United States District Court, Ninth Circuit, California, C.D. California
Aug 13, 2014
CV 14-4297-JFW(E) (C.D. Cal. Aug. 13, 2014)

Opinion


GEOFFREY BOLDT, Petitioner, v. JAMES D. HARTLEY, Respondent. No. CV 14-4297-JFW(E) United States District Court, C.D. California. August 13, 2014

          REPORT AND RECOMMENDATION OF UNITED STATES MAGISTRATE JUDGE

          CHARLES F. EICK, Magistrate Judge.

         This Report and Recommendation is submitted to the Honorable John F. Walter, United States District Judge, pursuant to 28 U.S.C. section 636 and General Order 05-07 of the United States District Court for the Central District of California.

         PROCEEDINGS

         Petitioner filed a "Petition for Writ of Habeas Corpus By a Person in State Custody" on June 4, 2014, accompanied by a document titled "Petition for Writ of Habeas Corpus - Addendum" ("Pet. Add."). The Petition challenges a September 11, 2012 decision of the California Board of Parole Hearings ("Board") deeming Petitioner unsuitable for parole for five years (see Pet. Add., p. 3; see Respondent's Lodgment 1, pp. 100, 110-11). Petitioner alleges: (1) the Board assertedly violated state law and due process by allegedly requiring Petitioner to admit guilt of the underlying offense in order to be considered suitable for parole; and (2) Petitioner's continued incarceration assertedly is "inconsistent with the rudimentary demands of fair procedure" in alleged violation of due process (Petition, p. 5).

In 1985, Petitioner received a sentence of twenty-five years to life plus one year for first degree murder with a weapon enhancement (Petition, p. 2).

         Respondent filed a "Motion to Dismiss, etc." on July 2, 2014, seeking dismissal of the Petition on the ground that the Petition fails to state any cognizable claim for federal habeas relief. Petitioner filed an "Opposition to Respondent's Motion to Dismiss Petition, etc." on August 1, 2014.

         DISCUSSION

         "There is no constitutional or inherent right of a convicted person to be conditionally released before the expiration of a valid sentence." Greenholtz v. Inmates of Nebraska Penal and Correctional Complex , 442 U.S. 1, 7 (1979) ("Greenholtz"). In some instances, however, state statutes may create liberty interests in parole release entitled to protection under the federal Due Process Clause. See Bd. of Pardons v. Allen , 482 U.S. 369, 371 (1987); Greenholtz , 442 U.S. at 12. The Ninth Circuit has held that California's statutory provisions governing parole create such a liberty interest. See Roberts v. Hartley , 640 F.3d 1042, 1045 (9th Cir. 2011).

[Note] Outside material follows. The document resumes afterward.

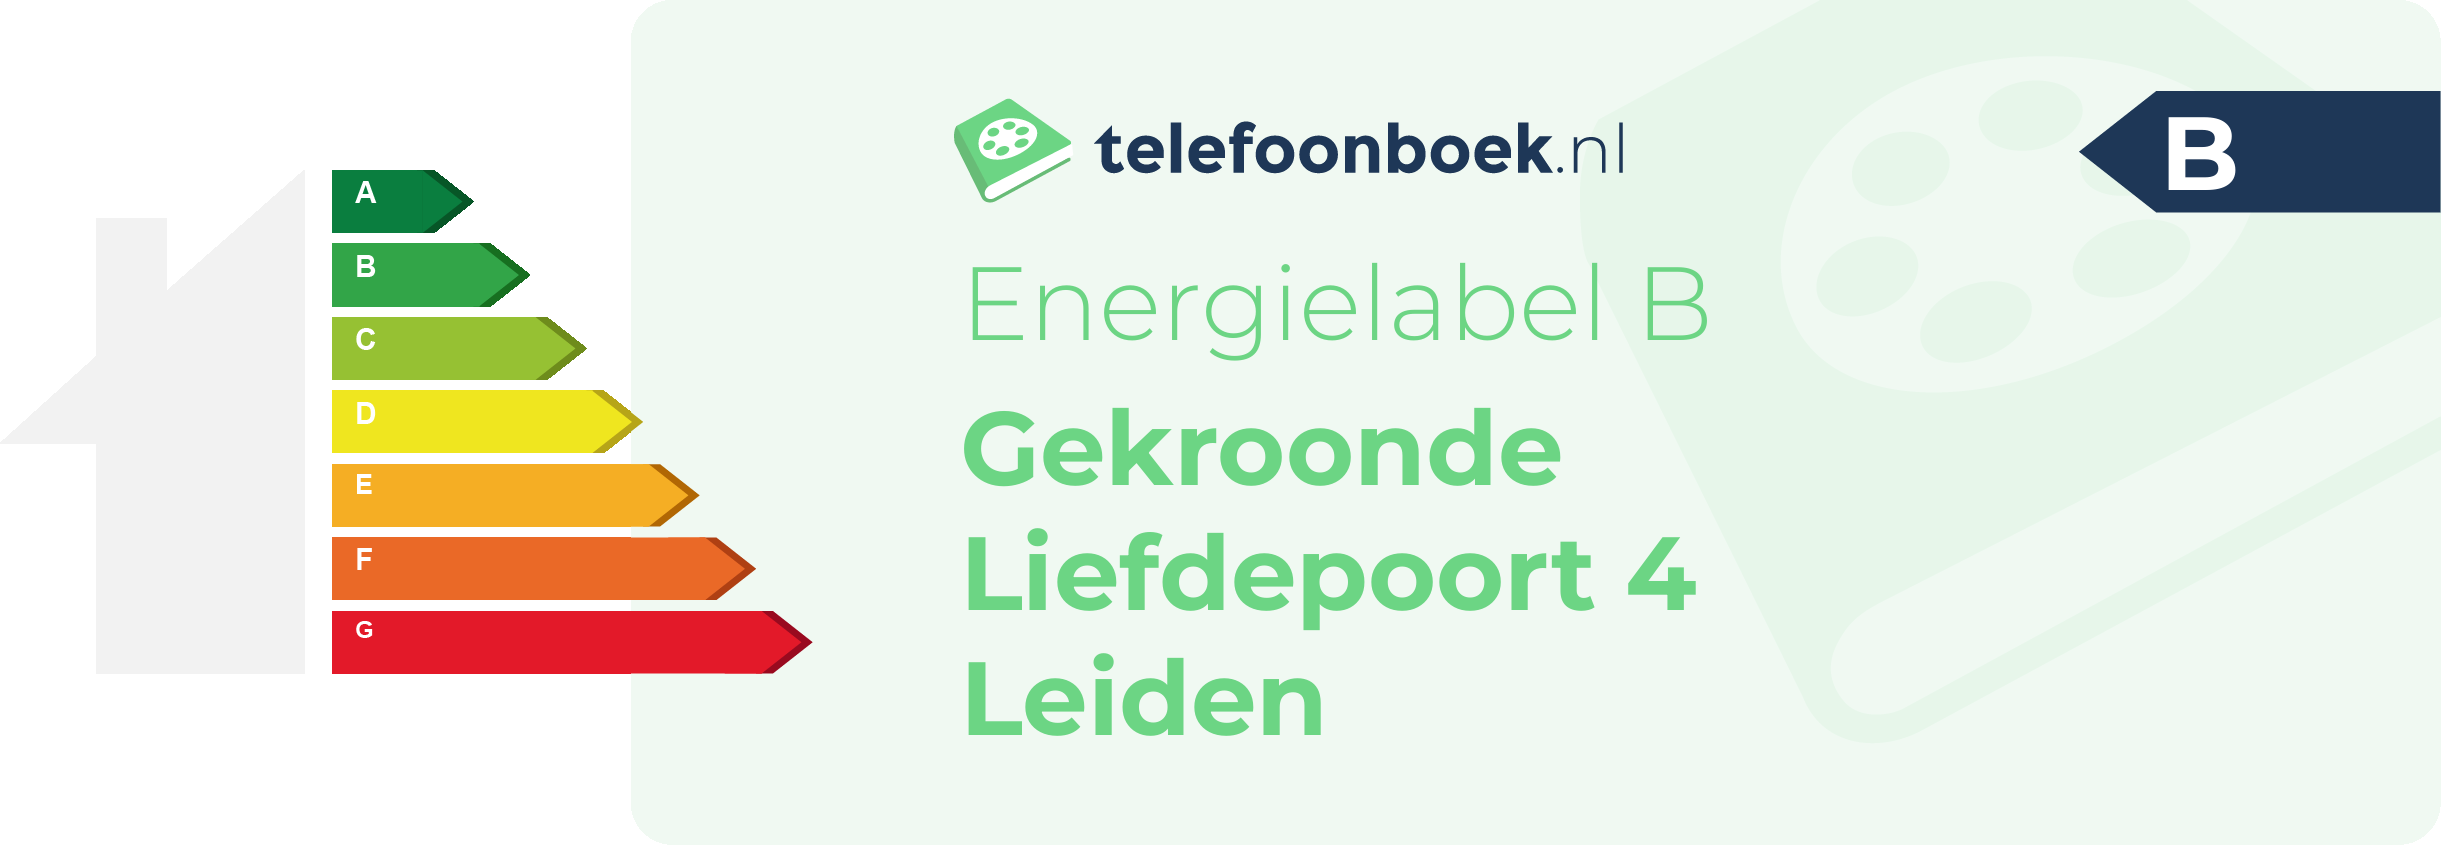 Energielabel Gekroonde Liefdepoort 4 Leiden

In Swarthout v. Cooke , 131 S.Ct. 859 (2011), the United States Supreme Court did not reach the question of whether California law creates a liberty interest in parole, but observed that the Ninth Circuit's affirmative answer to this question "is a reasonable application of our cases." Id. at 861-62 (citations omitted).

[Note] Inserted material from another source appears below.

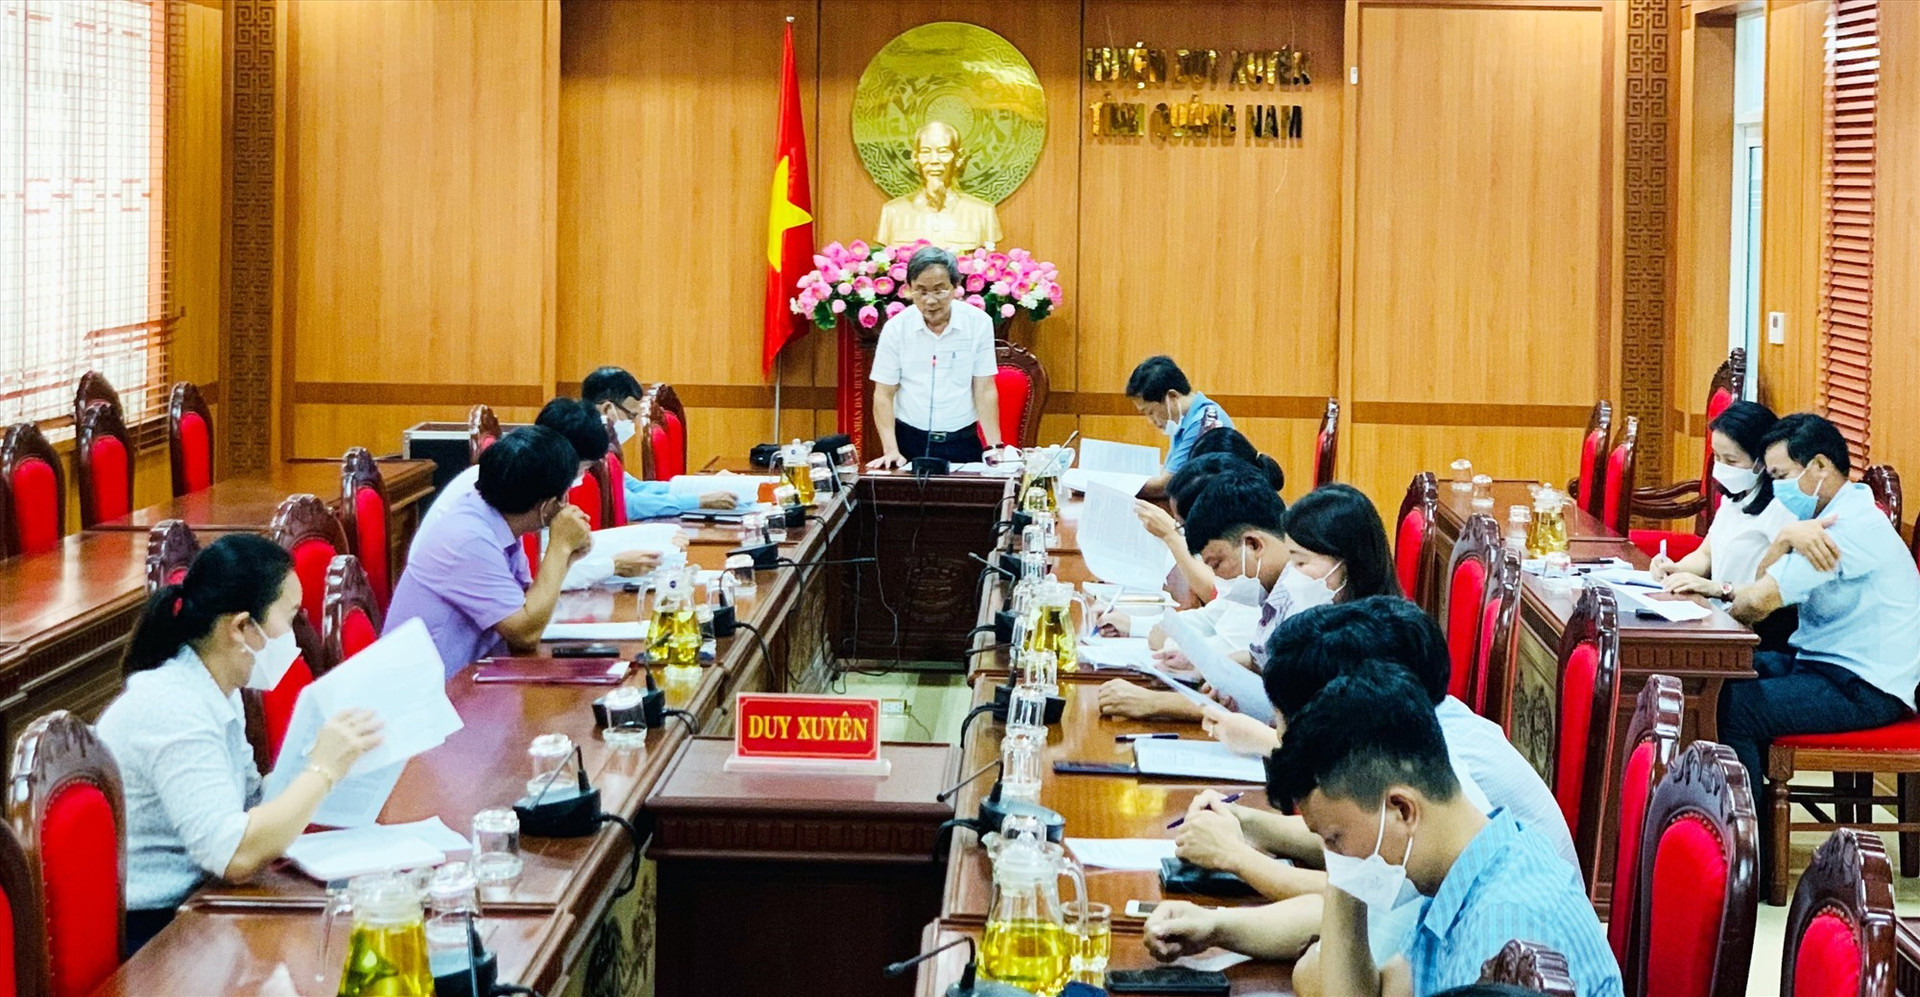 Lễ công bố quyết định thành lập Ban xúc tiến đầu tư và hỗ trợ doanh nghiệp huyện Duy Xuyên diễn ra chiều 29.3. Ảnh: N.T

         "In the context of parole, ... the procedures required are minimal." Swarthout v. Cooke , 131 S.Ct. 859, 862 (2011) ("Swarthout"). Due process requires that the State furnish a parole applicant with an opportunity to be heard and a statement of reasons for a denial of parole. Greenholtz , 442 U.S. at 16. "The Constitution does not require more." Id .; accord Swarthout , 131 S.Ct. at 862 (citation omitted); Styre v. Adams , 645 F.3d 1106, 1108 (9th Cir. 2011); see also Roberts v. Hartley , 640 F.3d at 1046 ("there is no substantive due process right created by the California's parole scheme"). Petitioner does not contend, and the record does not show, that Petitioner was denied these required procedural safeguards. See Swarthout , 131 S.Ct. at 862 (due process satisfied where inmates were allowed to speak at parole hearings, contest the evidence against them, had access to their records in advance, and were notified of the reasons for the parole denial).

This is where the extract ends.